Source records:
*-*-*

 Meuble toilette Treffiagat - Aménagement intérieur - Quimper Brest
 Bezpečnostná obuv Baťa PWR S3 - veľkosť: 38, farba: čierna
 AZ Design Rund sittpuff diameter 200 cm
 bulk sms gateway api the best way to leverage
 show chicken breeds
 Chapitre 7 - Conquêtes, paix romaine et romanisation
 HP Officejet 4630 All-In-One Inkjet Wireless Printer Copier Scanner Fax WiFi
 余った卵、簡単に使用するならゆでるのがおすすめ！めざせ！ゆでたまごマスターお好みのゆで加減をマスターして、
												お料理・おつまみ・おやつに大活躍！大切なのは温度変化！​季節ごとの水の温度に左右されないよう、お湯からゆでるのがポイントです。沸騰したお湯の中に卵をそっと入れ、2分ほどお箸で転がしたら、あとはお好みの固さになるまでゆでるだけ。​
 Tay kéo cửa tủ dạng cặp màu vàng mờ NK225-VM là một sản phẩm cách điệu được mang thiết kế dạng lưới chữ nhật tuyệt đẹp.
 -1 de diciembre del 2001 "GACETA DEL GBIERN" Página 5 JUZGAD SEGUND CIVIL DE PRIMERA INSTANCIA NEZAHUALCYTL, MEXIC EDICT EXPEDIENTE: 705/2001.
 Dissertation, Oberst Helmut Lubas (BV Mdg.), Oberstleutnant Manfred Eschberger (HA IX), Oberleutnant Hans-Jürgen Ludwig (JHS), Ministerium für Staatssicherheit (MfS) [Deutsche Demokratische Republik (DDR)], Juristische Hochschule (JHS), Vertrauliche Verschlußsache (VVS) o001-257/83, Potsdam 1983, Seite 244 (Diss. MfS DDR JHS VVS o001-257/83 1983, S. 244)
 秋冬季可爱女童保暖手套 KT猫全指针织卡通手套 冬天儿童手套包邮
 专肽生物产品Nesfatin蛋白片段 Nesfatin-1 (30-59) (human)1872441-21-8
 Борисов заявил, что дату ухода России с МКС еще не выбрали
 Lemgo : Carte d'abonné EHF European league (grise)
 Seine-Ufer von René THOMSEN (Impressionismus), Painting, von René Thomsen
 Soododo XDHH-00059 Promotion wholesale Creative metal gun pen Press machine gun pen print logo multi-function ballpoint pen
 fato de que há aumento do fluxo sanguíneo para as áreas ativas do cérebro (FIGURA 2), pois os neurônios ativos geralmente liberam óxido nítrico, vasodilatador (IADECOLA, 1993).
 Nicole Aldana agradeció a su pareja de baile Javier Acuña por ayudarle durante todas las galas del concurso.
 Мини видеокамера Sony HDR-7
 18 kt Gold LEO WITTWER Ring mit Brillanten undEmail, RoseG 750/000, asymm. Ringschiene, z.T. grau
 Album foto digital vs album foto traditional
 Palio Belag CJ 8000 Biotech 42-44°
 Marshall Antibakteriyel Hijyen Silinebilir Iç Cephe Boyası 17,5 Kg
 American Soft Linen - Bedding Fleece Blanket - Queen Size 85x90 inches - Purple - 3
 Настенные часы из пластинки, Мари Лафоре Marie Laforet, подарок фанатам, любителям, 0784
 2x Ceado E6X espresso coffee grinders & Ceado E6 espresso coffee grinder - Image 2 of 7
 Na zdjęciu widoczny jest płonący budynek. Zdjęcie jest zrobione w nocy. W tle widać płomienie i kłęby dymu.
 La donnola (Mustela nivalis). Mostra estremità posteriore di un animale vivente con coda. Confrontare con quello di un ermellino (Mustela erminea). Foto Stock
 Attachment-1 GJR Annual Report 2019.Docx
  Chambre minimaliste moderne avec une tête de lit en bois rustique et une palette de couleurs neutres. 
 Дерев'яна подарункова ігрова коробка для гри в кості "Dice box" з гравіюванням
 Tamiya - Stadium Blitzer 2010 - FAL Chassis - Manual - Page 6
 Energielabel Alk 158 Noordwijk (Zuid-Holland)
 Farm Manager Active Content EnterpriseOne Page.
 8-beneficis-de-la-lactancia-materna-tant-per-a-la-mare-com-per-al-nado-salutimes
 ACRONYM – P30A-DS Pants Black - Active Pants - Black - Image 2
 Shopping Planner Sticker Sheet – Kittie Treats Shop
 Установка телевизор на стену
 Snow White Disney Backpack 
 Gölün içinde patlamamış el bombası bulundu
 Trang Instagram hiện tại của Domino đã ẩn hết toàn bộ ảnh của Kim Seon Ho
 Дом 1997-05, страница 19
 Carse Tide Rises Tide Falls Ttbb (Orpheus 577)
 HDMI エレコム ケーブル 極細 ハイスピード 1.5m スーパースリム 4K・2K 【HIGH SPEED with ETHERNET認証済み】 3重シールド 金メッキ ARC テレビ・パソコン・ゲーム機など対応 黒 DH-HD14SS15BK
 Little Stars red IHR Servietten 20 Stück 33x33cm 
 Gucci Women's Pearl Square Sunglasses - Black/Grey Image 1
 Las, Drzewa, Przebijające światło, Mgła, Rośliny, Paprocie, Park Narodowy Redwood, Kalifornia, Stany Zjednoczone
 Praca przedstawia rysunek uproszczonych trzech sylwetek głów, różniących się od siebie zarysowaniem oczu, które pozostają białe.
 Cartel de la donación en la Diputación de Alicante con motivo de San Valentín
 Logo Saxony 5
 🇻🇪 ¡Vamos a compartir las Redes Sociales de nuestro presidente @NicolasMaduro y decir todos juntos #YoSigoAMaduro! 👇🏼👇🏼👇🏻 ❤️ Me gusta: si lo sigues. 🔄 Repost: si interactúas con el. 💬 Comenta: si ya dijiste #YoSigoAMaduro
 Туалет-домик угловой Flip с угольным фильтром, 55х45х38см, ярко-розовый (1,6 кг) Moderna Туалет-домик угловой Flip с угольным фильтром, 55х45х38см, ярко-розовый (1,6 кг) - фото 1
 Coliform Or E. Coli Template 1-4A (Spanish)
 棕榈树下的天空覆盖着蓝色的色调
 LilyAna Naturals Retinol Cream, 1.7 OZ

*-*-*

Work instruction:
Please give an exact copy of the lines above, beginning with the line containing "show chicken breeds" and running through the line containing "Мини видеокамера Sony HDR-7", and of no other lines.

Answer to the problem:
 show chicken breeds
 Chapitre 7 - Conquêtes, paix romaine et romanisation
 HP Officejet 4630 All-In-One Inkjet Wireless Printer Copier Scanner Fax WiFi
 余った卵、簡単に使用するならゆでるのがおすすめ！めざせ！ゆでたまごマスターお好みのゆで加減をマスターして、
												お料理・おつまみ・おやつに大活躍！大切なのは温度変化！​季節ごとの水の温度に左右されないよう、お湯からゆでるのがポイントです。沸騰したお湯の中に卵をそっと入れ、2分ほどお箸で転がしたら、あとはお好みの固さになるまでゆでるだけ。​
 Tay kéo cửa tủ dạng cặp màu vàng mờ NK225-VM là một sản phẩm cách điệu được mang thiết kế dạng lưới chữ nhật tuyệt đẹp.
 -1 de diciembre del 2001 "GACETA DEL GBIERN" Página 5 JUZGAD SEGUND CIVIL DE PRIMERA INSTANCIA NEZAHUALCYTL, MEXIC EDICT EXPEDIENTE: 705/2001.
 Dissertation, Oberst Helmut Lubas (BV Mdg.), Oberstleutnant Manfred Eschberger (HA IX), Oberleutnant Hans-Jürgen Ludwig (JHS), Ministerium für Staatssicherheit (MfS) [Deutsche Demokratische Republik (DDR)], Juristische Hochschule (JHS), Vertrauliche Verschlußsache (VVS) o001-257/83, Potsdam 1983, Seite 244 (Diss. MfS DDR JHS VVS o001-257/83 1983, S. 244)
 秋冬季可爱女童保暖手套 KT猫全指针织卡通手套 冬天儿童手套包邮
 专肽生物产品Nesfatin蛋白片段 Nesfatin-1 (30-59) (human)1872441-21-8
 Борисов заявил, что дату ухода России с МКС еще не выбрали
 Lemgo : Carte d'abonné EHF European league (grise)
 Seine-Ufer von René THOMSEN (Impressionismus), Painting, von René Thomsen
 Soododo XDHH-00059 Promotion wholesale Creative metal gun pen Press machine gun pen print logo multi-function ballpoint pen
 fato de que há aumento do fluxo sanguíneo para as áreas ativas do cérebro (FIGURA 2), pois os neurônios ativos geralmente liberam óxido nítrico, vasodilatador (IADECOLA, 1993).
 Nicole Aldana agradeció a su pareja de baile Javier Acuña por ayudarle durante todas las galas del concurso.
 Мини видеокамера Sony HDR-7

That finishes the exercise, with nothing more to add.